Source material:
╔══

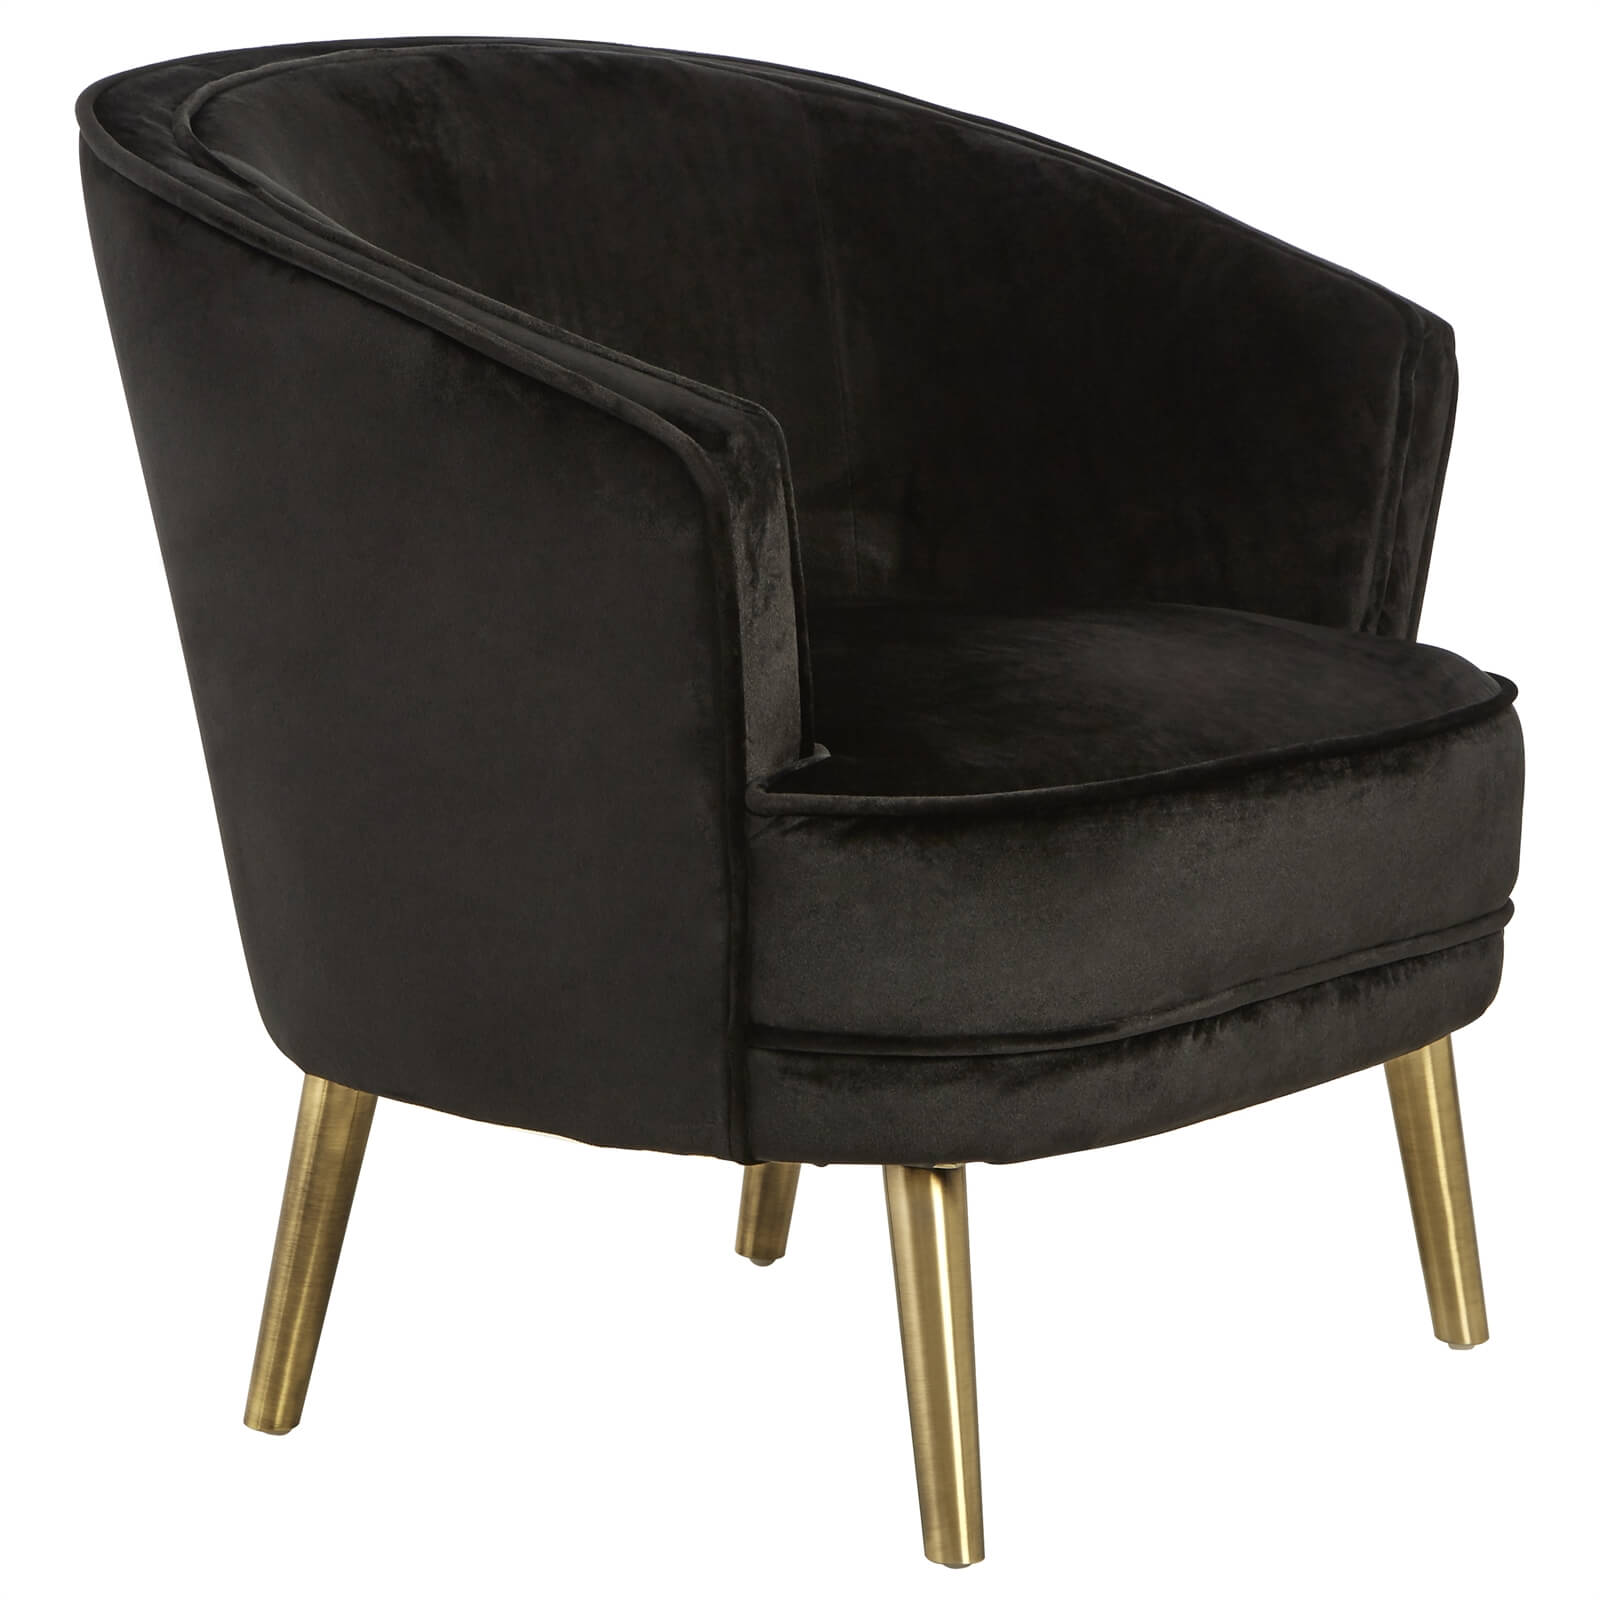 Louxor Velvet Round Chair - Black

╚══
╔══

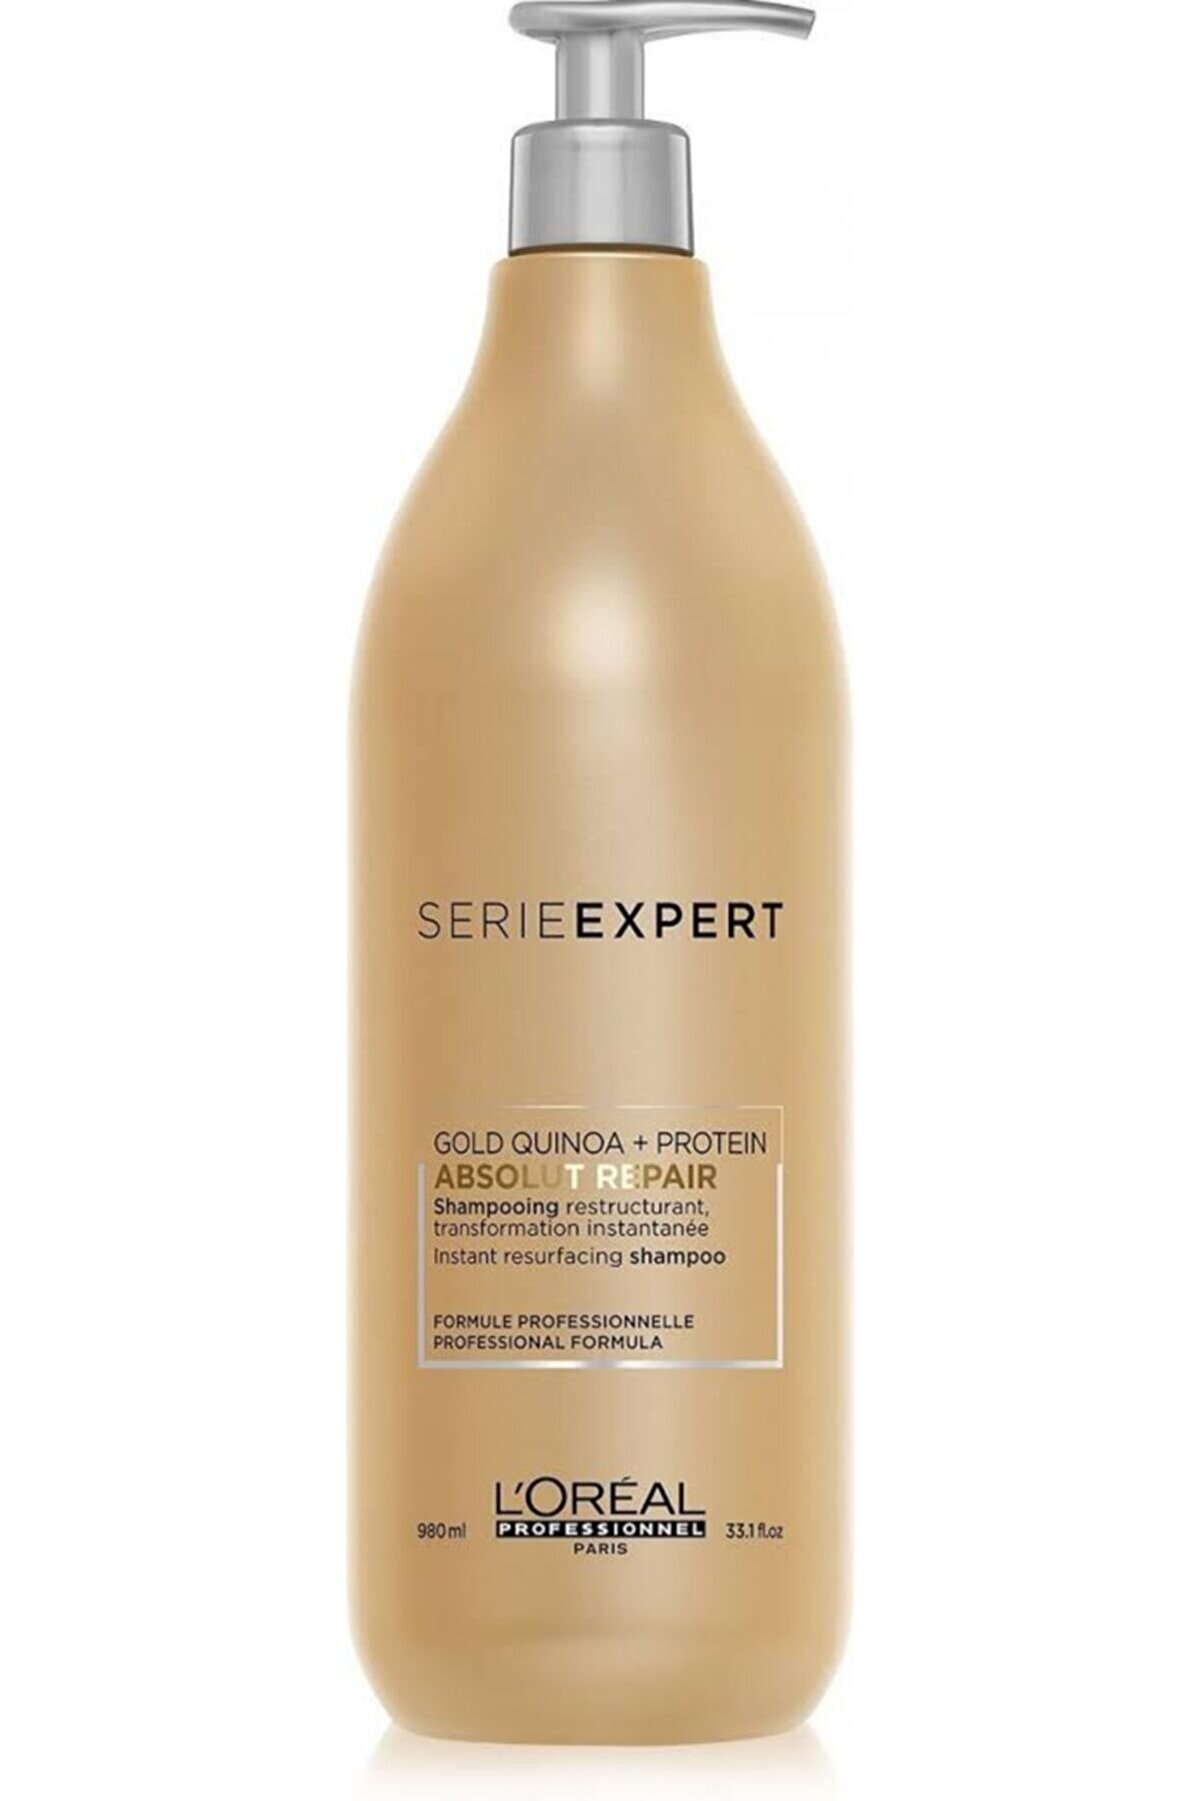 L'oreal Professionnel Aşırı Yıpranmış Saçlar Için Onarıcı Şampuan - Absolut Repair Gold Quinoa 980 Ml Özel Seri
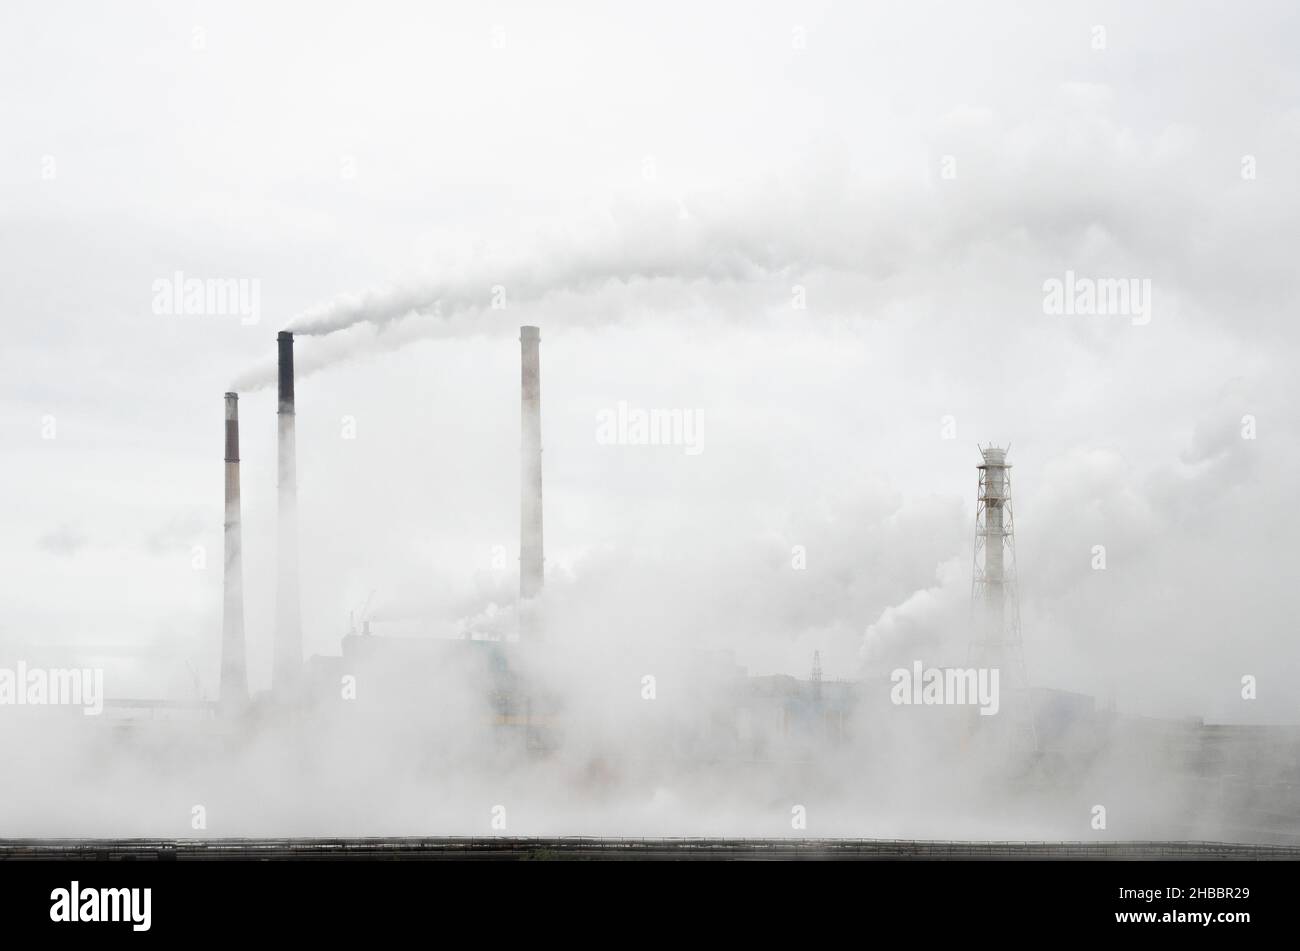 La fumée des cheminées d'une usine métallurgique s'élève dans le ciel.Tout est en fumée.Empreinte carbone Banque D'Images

╚══

Assigned task: Would you output only the span of the records above that opens with the line containing "L'oreal Professionnel Aşırı" and closes with the line containing "La fumée des", ends included and pictures dropped?

Response to the task:
 L'oreal Professionnel Aşırı Yıpranmış Saçlar Için Onarıcı Şampuan - Absolut Repair Gold Quinoa 980 Ml Özel Seri
 La fumée des cheminées d'une usine métallurgique s'élève dans le ciel.Tout est en fumée.Empreinte carbone Banque D'Images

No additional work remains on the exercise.